La cuisine de Denis Martin a des facettes imbattables. Techniquement parlant, tout d’abord, il frôle le 10/10 ; il étudie toutes les procédures possibles jusqu’à parvenir à leur maîtrise absolue. Sur le plan de l’imagination, il ne se fixe pas non plus de limites ; chaque plat est un volcan en éruption qui déborde d’idées fantastiques. On ne peut plus délicats et surprenants au palais, ses mets sont toujours synonymes de saveurs futuristes regorgeant de nuances, exposées en toute subtilité et harmonie. Après avoir savouré 25 bouchées, l’estomac se porte à merveille ; c’est vous dire si ses propositions sont légères ! Ses mises en scène ne pourraient être plus photogéniques ; spectaculaire. Chaque plat est un show de magie.
En clair, nous sommes en présence du plus grand et du meilleur adepte mondial de la cuisine de Ferran Adrià. Même esprit, même structure, mais séquences différentes. Car Denis est un créateur, un artiste du même moule, qui a vécu des expériences très personnelles et très variées. Ses plats sont des aventures inimaginables et convulsées qui finissent bien.
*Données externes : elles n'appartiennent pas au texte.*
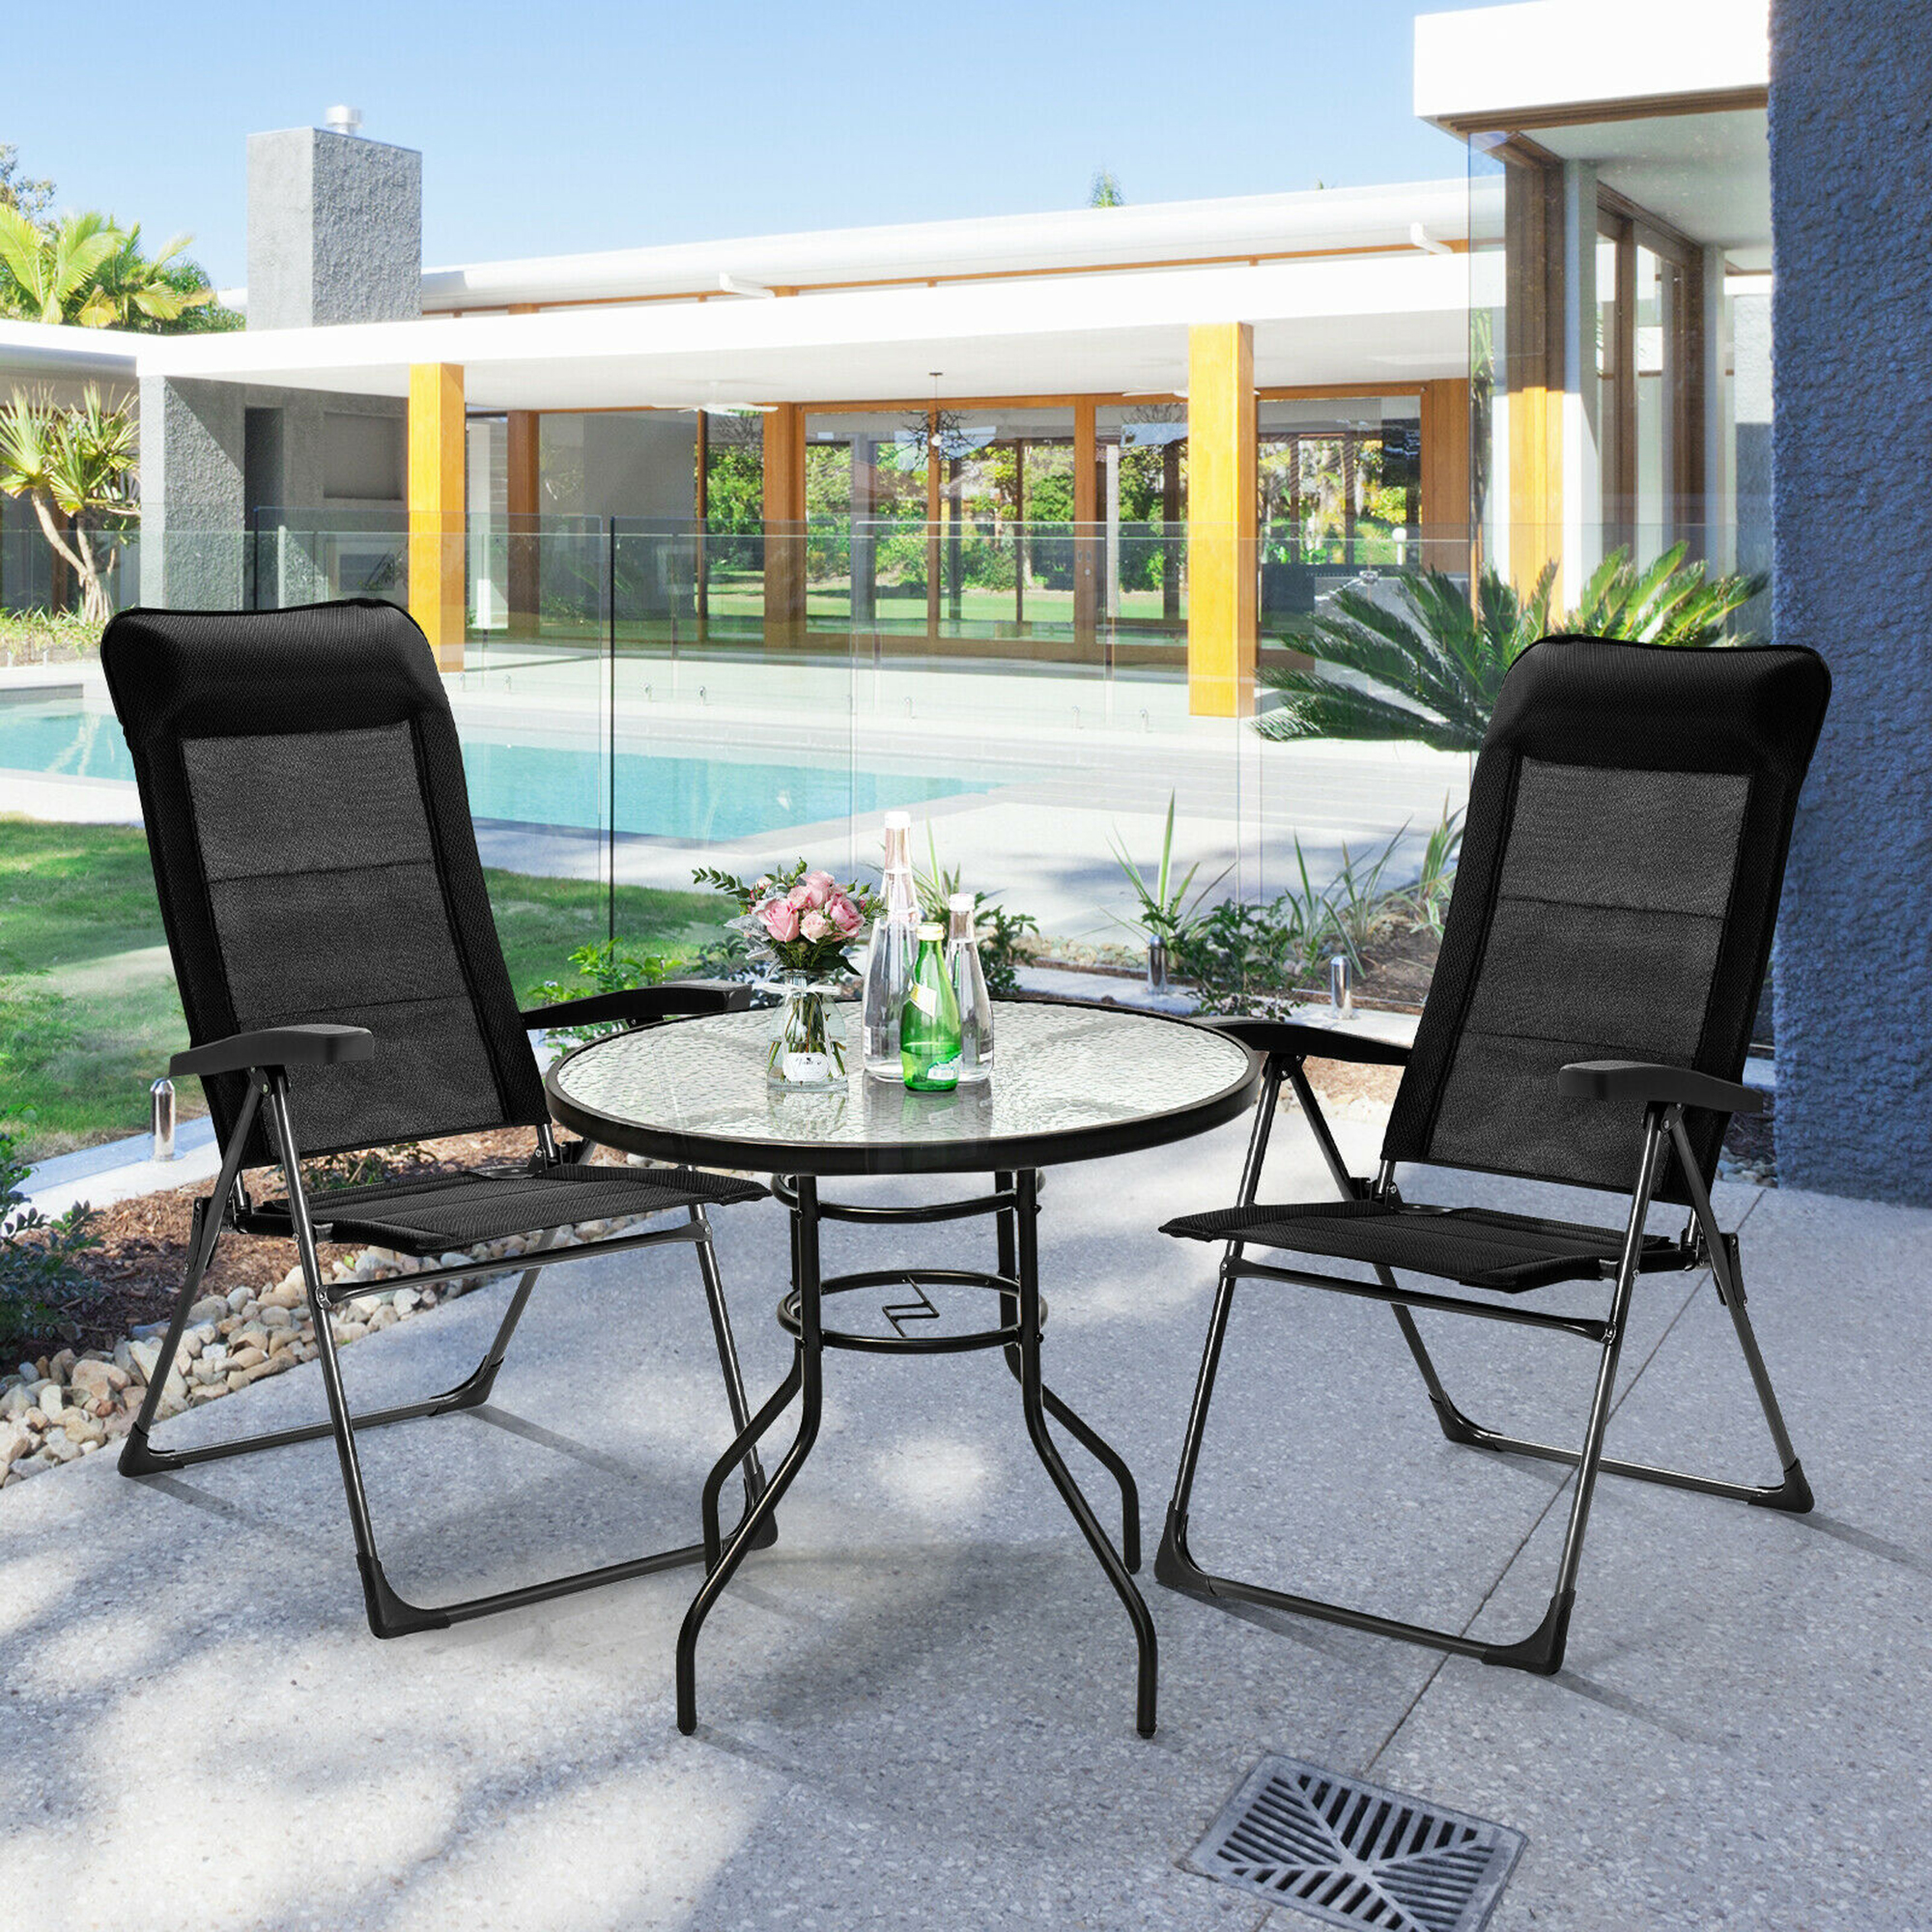 Gymax 2PCS Patio Folding Dining Chairs Portable Camping Headrest Adjust Black - image 3 of 10

Les contrastes, incroyablement harmonieux, sont une constante. Sous le titre « La bleue des glaciers » apparaît un granité de citron et anis étoilé assorti d’un air d’absinthe. L’azote liquide adopte mille et une formes : tartelette glacée au goût de piña colada sous laquelle se cache un sirop de rhum et une crème de cacahuètes. Il arrive que le message du chef change totalement de cap et que le convive passe du style techno psychédélique ultra complexe à l’essentialité naturaliste la plus absolue, comme la langoustine à l’huile d’olive vierge Verdale et cerises lyophilisées. Certains mets s’inspirent de fromages suisses et de recettes italiennes, comme les raviolis au Vacherin de Fribourg, immaculés et diététiques, accompagnés de noix fraîches et de consommé au basilic. Ou l’époustouflante pizza Margarita, au sein de laquelle les éléments et les proportions sont inversés. Troisième merveille qui nous rapproche du paysage gastronomique local : la fondue au gruyère et au Vacherin, en deux textures, avec meringue à l’eau de tomates en forme de baguette. Le travail de Denis comporte aussi une certaine dose d’insolence, comme son yuzu, proposé avec du porc, des coques, de la pomme et de la citronnelle. Retour au minimalisme et à l’exaltation du produit avec les « chanterelles suisses » à l’omble chevalier du Lac Léman : un filet de poisson recouvert d’un champignon et de beurre fondu au chalumeau sous le regard du convive, qui peut apprécier la fusion idyllique des deux ingrédients. Le paradis fou ne pouvait pas manquer au rendez-vous : soupe thaï croquante aux saveurs de fruits de mer et au look de hamburger, à déguster avec les doigts, disposée sur un lit d’herbes et de fleurs. Qui dit « Rouge », dit inspiration totale : rouget aux jus de betteraves et de cerises. Le colin pané sur sauce d’encornets prend corps sous forme de filet revêtu d’une gabardine noire – le meilleur beignet que nous ayons jamais mangé –, accompagné d’un panais à la vanille et d’un yaourt parfumé aux roses. « Swiss Air » est une enveloppe aérienne qui est remise au convive, qui l’ouvre, déchire le sachet sous vide qu’elle contient et en verse le contenu sur l’assiette : un pigeonneau cuit à basse température imprégné de son jus caramélisé. Les desserts sont tout aussi géniaux, à l’instar des petits-fours, les plus imaginatifs du monde, dont nous nous permettons d’évoquer l’hallucinant Sachet coca « ïne ».